I agree that it is not obvious and I dropped the reference to the parameter alpha in my model. Figure 1 will not really help because it does not illustrate the effects of searching efficiency but host preference (host preference is a ratio of searching efficiency, see table 1).
When I review these biological cases we are necessarily reaching the limits of the current model. I think it is quite useful to see that the biology is much more complex that what I model.
Editorial things. - l.80 “uninfected anD infected hosts”
- l. 102 do you specifically mean mosquitoes here, or should this say “vectors”?
- l. 157, one of these (ii)s should be (iii)

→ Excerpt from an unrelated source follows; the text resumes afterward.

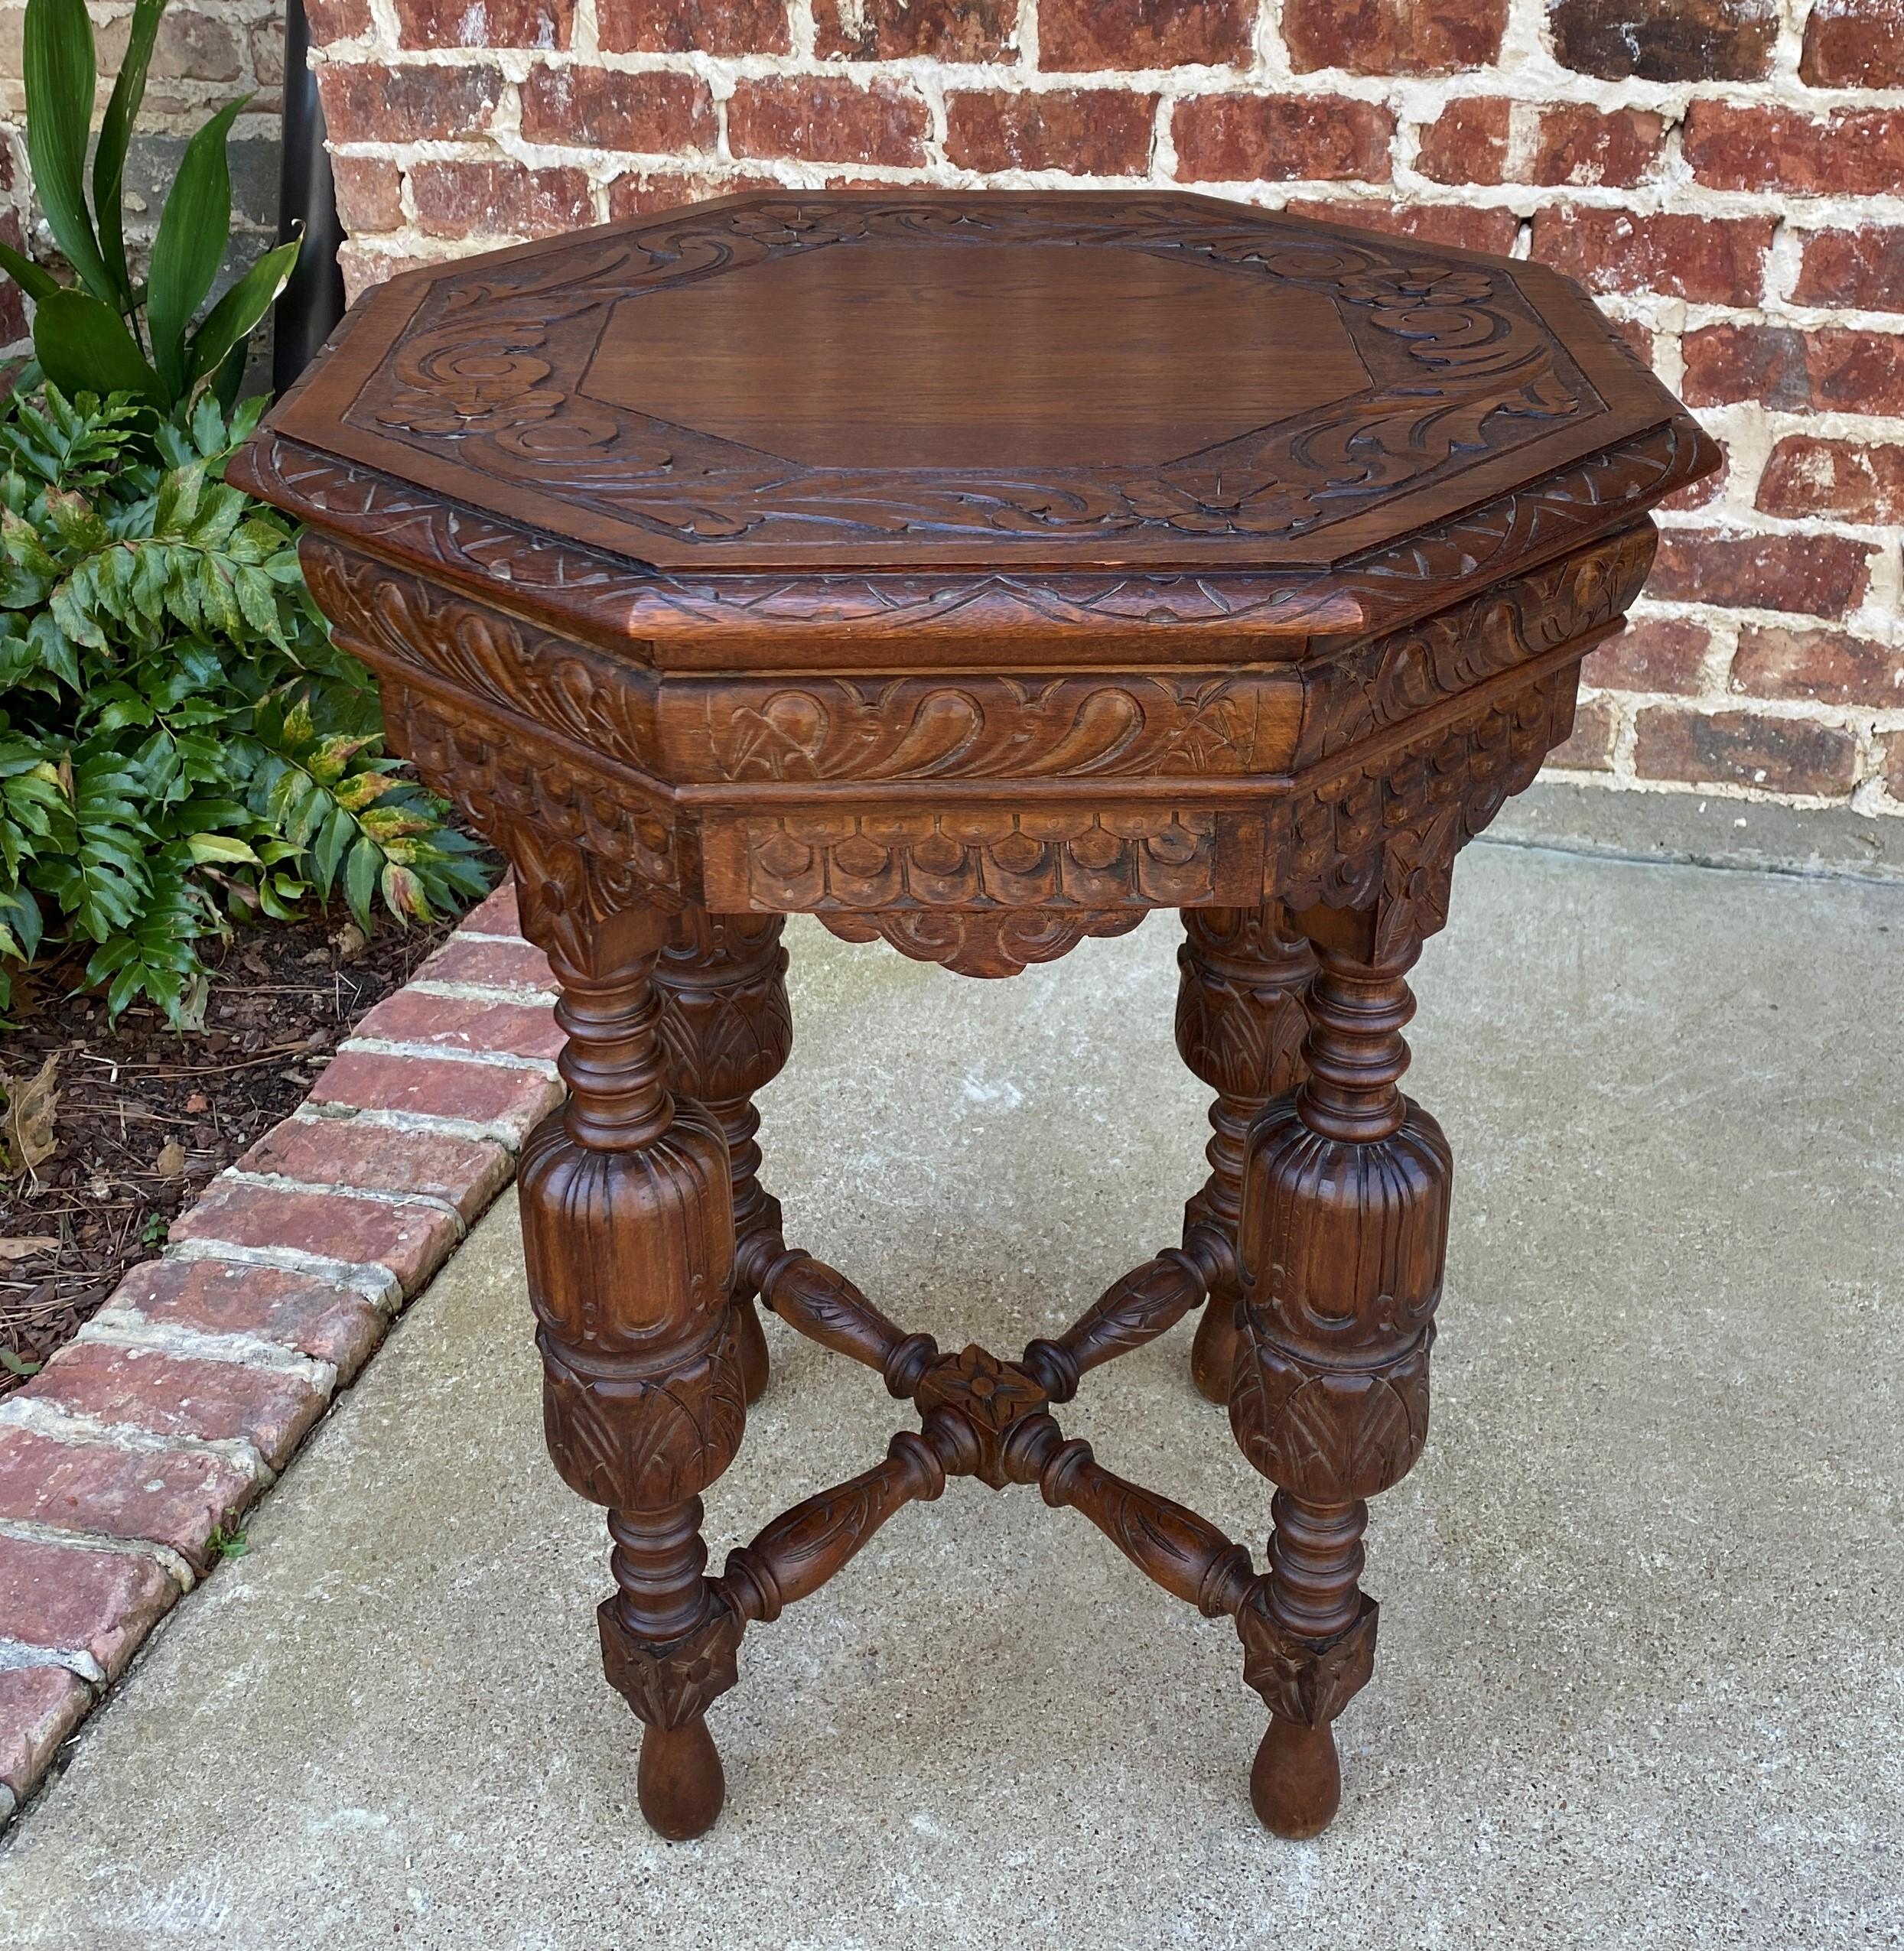 Antique French Octagonal Table Renaissance Revival Carved Oak 19th C For Sale 3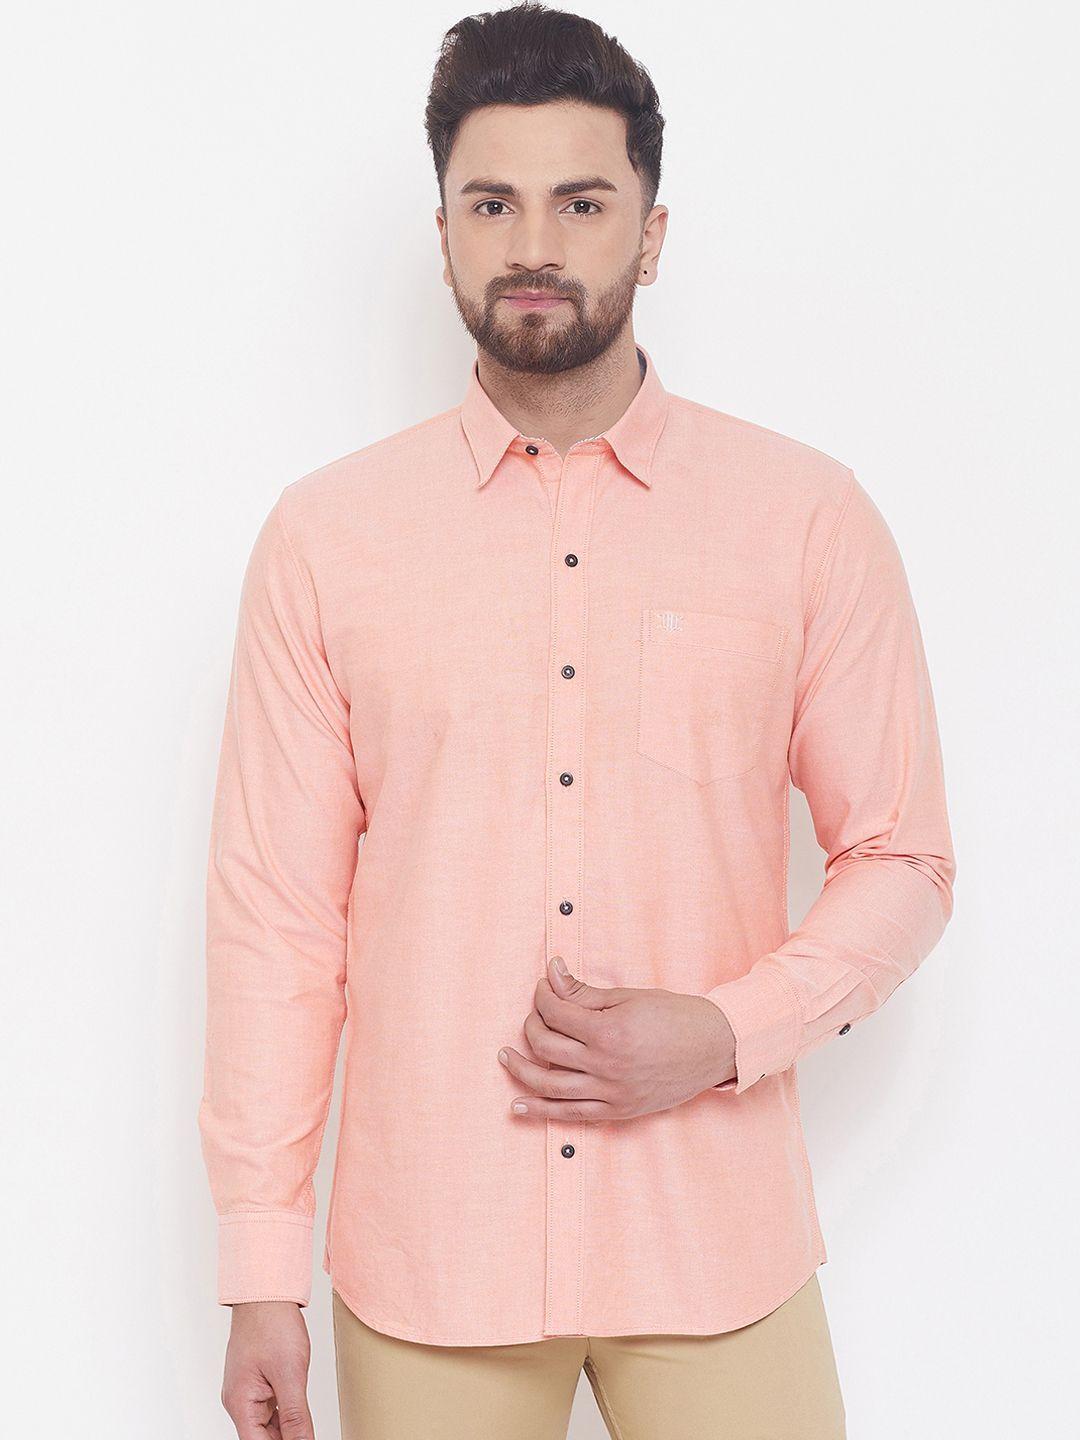 duke-men-peach-coloured-slim-fit-solid-casual-shirt

- l. 253 chabaudi has one i.
- l. 270 I don’t know what “viruliferous” means. Is it simply “infected”? Infected and infectious - Equation references in the SM seem to be off. E.g., p5 reference to equation 6 should be eq.3; p7 a reference to eq.8 should be 5.
- l. 284-286. Something is wrong with this sentence, but I don’t know how to fix it!
- l. 305-306. Remove comma after “Unlike” and end parenthesis after “”.
- l. 367 “multiples” -> “multiple” - is “attractivity” a word? Could go with “attractiveness”?
- totally nit-picky, personal preference thing: I noted the switch from “we” to “I” in the manuscript. I would go with “I” throughout.